↓

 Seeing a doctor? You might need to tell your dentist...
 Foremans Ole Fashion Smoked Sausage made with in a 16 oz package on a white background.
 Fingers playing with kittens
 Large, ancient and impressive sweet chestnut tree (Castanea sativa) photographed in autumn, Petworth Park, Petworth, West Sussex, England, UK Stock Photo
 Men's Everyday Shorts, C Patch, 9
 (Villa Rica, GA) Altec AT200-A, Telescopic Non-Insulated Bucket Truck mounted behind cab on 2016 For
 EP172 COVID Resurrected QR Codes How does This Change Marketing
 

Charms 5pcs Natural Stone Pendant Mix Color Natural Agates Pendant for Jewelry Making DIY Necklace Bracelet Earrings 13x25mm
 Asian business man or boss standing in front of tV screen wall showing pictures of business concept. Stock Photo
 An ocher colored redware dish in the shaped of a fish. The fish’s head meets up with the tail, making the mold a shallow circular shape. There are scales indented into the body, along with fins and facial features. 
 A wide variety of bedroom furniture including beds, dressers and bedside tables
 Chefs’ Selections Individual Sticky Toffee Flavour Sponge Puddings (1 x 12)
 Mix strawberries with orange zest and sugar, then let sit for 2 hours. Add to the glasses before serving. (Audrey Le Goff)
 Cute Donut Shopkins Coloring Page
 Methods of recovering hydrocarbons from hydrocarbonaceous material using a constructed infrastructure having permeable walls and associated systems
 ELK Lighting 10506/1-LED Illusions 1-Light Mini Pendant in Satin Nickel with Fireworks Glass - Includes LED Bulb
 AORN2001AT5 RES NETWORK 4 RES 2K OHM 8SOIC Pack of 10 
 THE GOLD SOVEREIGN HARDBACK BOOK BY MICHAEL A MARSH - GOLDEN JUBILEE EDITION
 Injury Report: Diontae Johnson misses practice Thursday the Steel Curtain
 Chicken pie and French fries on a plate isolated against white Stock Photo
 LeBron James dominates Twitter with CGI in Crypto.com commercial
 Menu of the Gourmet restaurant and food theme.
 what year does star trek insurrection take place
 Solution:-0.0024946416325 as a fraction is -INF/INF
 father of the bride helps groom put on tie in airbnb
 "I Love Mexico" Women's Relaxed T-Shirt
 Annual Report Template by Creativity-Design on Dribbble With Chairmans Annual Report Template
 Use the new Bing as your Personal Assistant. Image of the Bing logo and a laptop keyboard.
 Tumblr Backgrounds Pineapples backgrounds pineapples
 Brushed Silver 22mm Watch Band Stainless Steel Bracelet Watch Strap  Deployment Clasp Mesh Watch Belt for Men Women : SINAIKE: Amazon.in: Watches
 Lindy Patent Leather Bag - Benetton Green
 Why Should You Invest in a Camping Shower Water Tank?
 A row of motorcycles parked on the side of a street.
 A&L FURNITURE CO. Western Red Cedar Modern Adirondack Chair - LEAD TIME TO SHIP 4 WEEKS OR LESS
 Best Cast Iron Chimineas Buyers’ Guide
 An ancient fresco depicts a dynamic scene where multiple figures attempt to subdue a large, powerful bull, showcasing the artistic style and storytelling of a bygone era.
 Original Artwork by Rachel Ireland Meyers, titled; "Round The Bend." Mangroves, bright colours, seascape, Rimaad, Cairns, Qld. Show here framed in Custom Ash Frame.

↑

[Exercise prompt] Only the lines above from the line containing "An ocher colored" through the line containing "Cute Donut Shopkins Coloring Page" should be retyped, exactly and with both ends included.

[Task output]
 An ocher colored redware dish in the shaped of a fish. The fish’s head meets up with the tail, making the mold a shallow circular shape. There are scales indented into the body, along with fins and facial features. 
 A wide variety of bedroom furniture including beds, dressers and bedside tables
 Chefs’ Selections Individual Sticky Toffee Flavour Sponge Puddings (1 x 12)
 Mix strawberries with orange zest and sugar, then let sit for 2 hours. Add to the glasses before serving. (Audrey Le Goff)
 Cute Donut Shopkins Coloring Page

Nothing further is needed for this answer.